Roxana Marcoci: Your work came of age in the post-1968 period marked by student uprisings all over Europe, not least in the universities of Yugoslavia, when artists broke free from mainstream institutional settings and laid the ground for a form of praxis antipodal to official modernist culture. This alternative art was known as the New Art Practice, and its arrival signaled the peak of neo-avant-garde activities in East-Central Europe. In what ways did the New Art Practice transform the discursive relationship between art, politics and social change in the contemporary world?
Sanja Iveković: Conceptual art of the late ’60s and ’70s from ex-socialist European countries is often attributed — in critical discourse and modes of presentation — with a dissident orientation. Our Yugoslavian experience was different.
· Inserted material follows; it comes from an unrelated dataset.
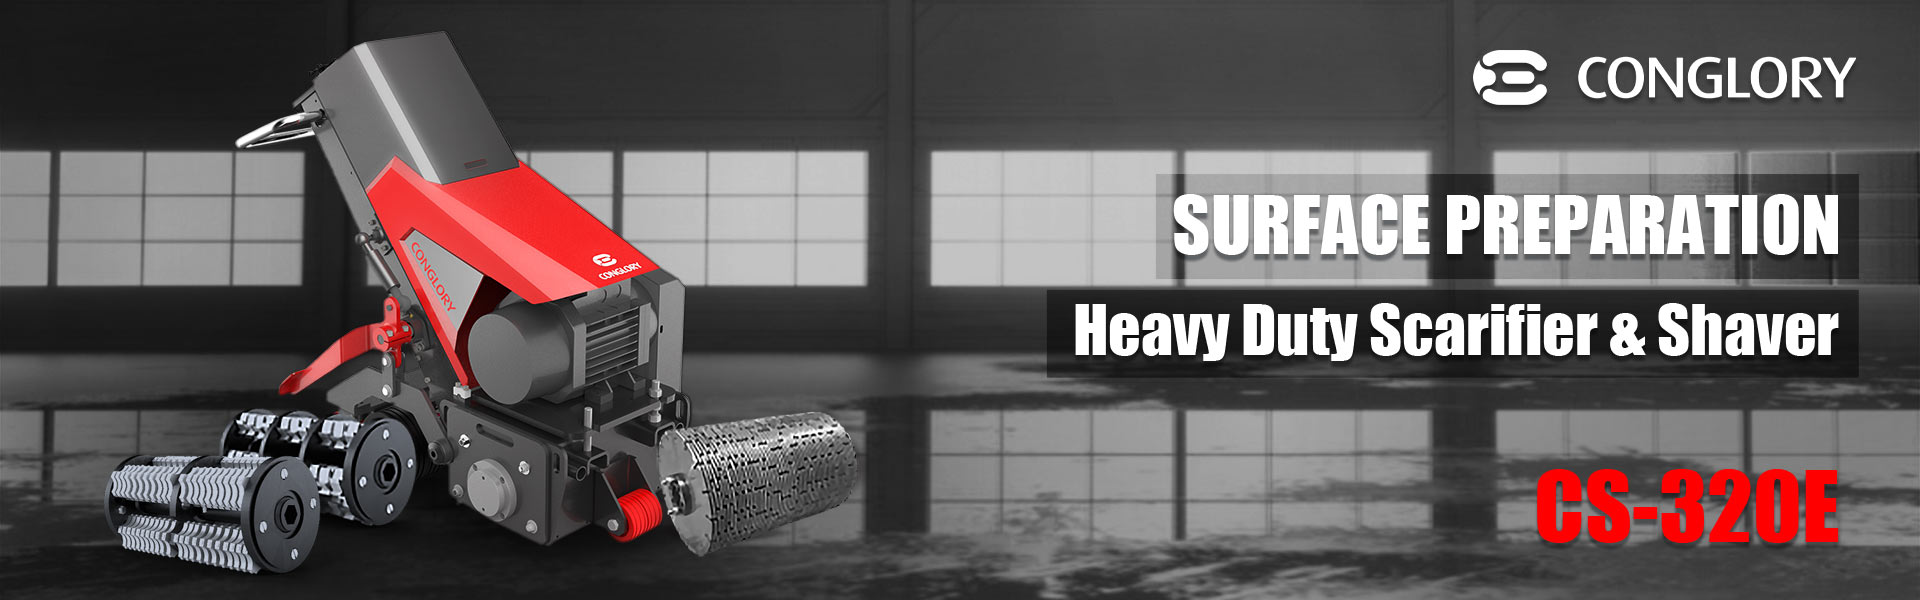 Heavy Duty Concrete Floor Scarifier

New Art Practice, as critics called the art made in Yugoslavia in the ’70s, was mostly happening in student cultural centers, but occasionally it also took place in prestigious state galleries, such as the Gallery of Contemporary Art in Zagreb, which featured exhibition programs of the local and international avant-garde. Although conceptual art was marginalized (student cultural centers were places fostering the practice of an “alternative activity”), this practice cannot be defined as dissident, because it was financed by the state and it was supported by a few progressive critics and intellectuals, some who were influential members of the Communist Party who held dominant political positions in art institutions and within the governmental establishment. Nor did artists position themselves as dissidents. Their critique wasn’t a “struggle against dark communist totalitarianism.” Rather, artists were more inclined to see their practice as a critique of the bureaucratic government that tried to maintain the status quo at all costs. One can rightfully say that those who were active on the counter-cultural scene at the time took the socialist project far more seriously than the cynical governing political elite.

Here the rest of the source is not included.